GEOLOGIC MAP ILLUSTRATING THE STRATIGRAPHY AND STRUCTURAL GEOLOGY OF THE BORDEN SPRINGS, ALABAMA-GEORGIA 7.5-MINUTE QUADRANGLE


KATH, Randy L., Geosciences, University of West Georgia, Carrollton, GA 30118 and CRAWFORD, Thomas J., Department of Geosciences, University of West Georgia, 1601 Maple Street, Carrollton, GA 30118, rkath@westga.edu

The Indian Mountain area, Polk County, Georgia, is one of only two places in Georgia where lowermost Paleozoic rocks cropout at the surface; the other is in the Cartersville area. In both areas, the geology is extremely complex. Multiple tectonic events caused complex folding and faulting which juxtaposed very similar lithologic units of very different ages. All of these events contributed to the creation of mineralized zones from which ore bodies have been mined for more than 130 years, in Polk and Bartow Counties, Georgia, and Cherokee and Cleburne Counties, Alabama.

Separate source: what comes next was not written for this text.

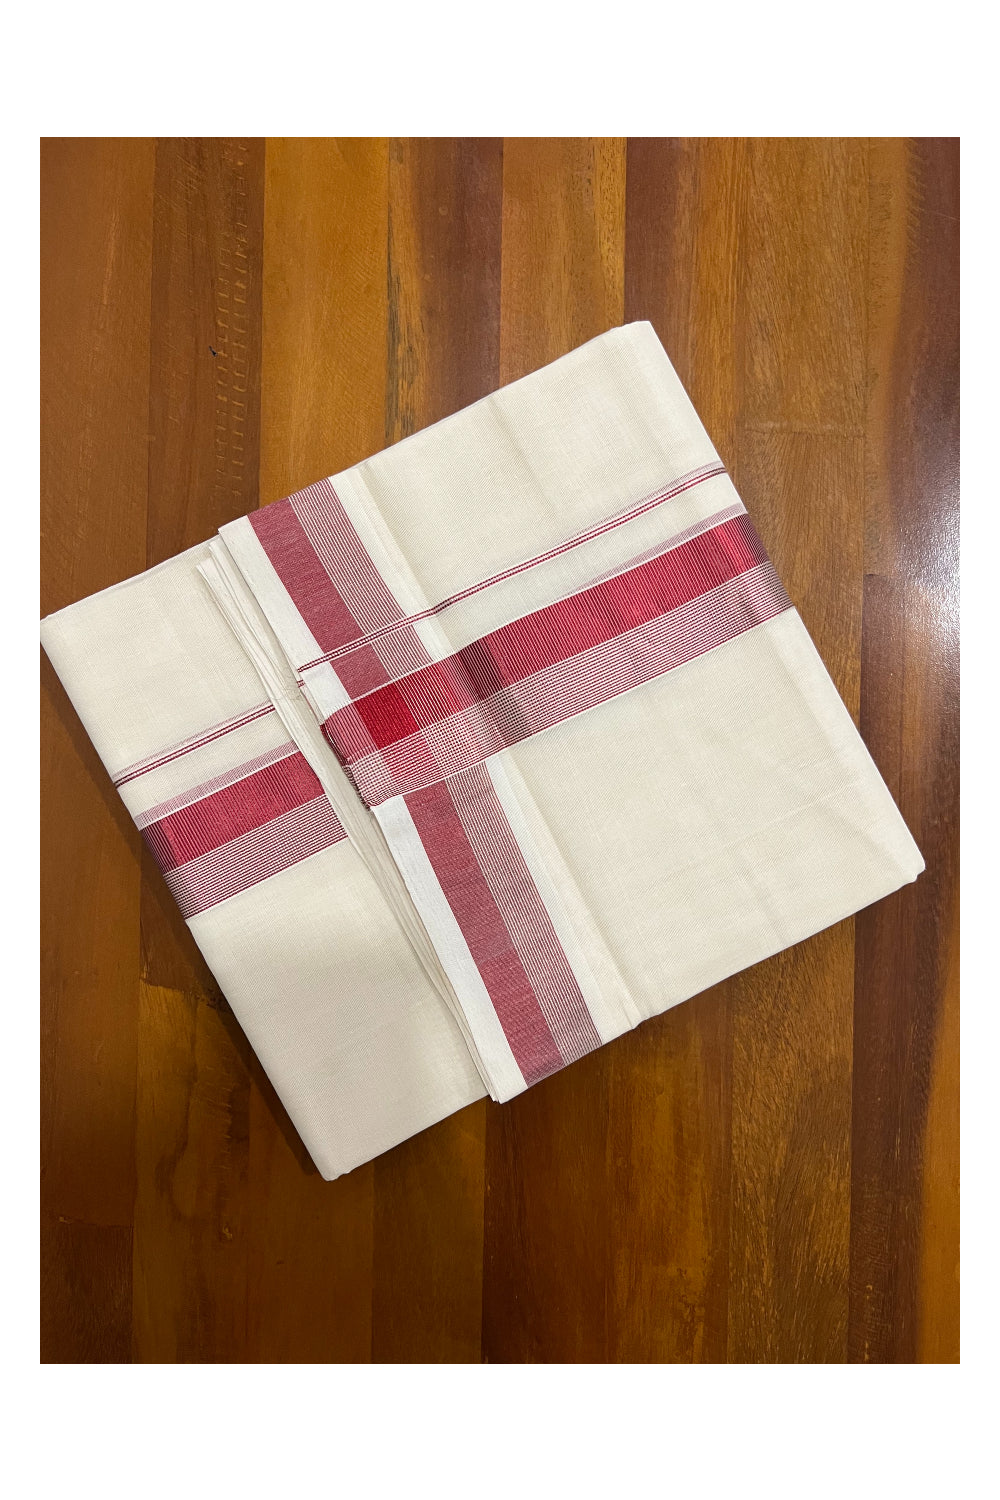 Southloom Kuthampully Handloom Pure Cotton Mundu with Silver and Dark Red Kasavu Border (South Indian Dhoti)

The Georgia-Alabama mining district, centered around Oremont, Etna, Tecumseh Furnace and Rock Run (Indian Mountain area), is similar in many ways to the Cartersville, Georgia, mining district: both are in rocks of lower Paleozoic age; iron is the dominant mineralizing ore element; major ore bodies occur in the Chilhowee and Shady in the Cartersville District, and in the Chilhowee, Shady and Newala in the Georgia-Alabama Indian Mountain area; iron deposition accompanied major silicification and brecciation in both districts.

In both Cartersville and the Indian Mountain area, major east-west compressional forces created large-scale north-south trending structures. Later north-south compression pushed metamorphic rocks northward over these earlier structures, creating east-west trending folds and faults. Contemporaneously, weakly metamorphosed lower Paleozoic rocks slid northward past schist and metagraywackes of the Blue Ridge along major oblique-slip faults in the Borden Springs area. Both north-south and east-west trending structures in the lower Paleozoic rocks are mineralized.

Geologic mapping of this quad, which began with Crawford in 1985, continues over our long-term study to more precisely defined aerial distribution of lithologic units, major geologic structures, and relationships between igneous, metamorphic, and unmetamorphosed sedimentary rocks of northwest Georgia and adjacent Alabama.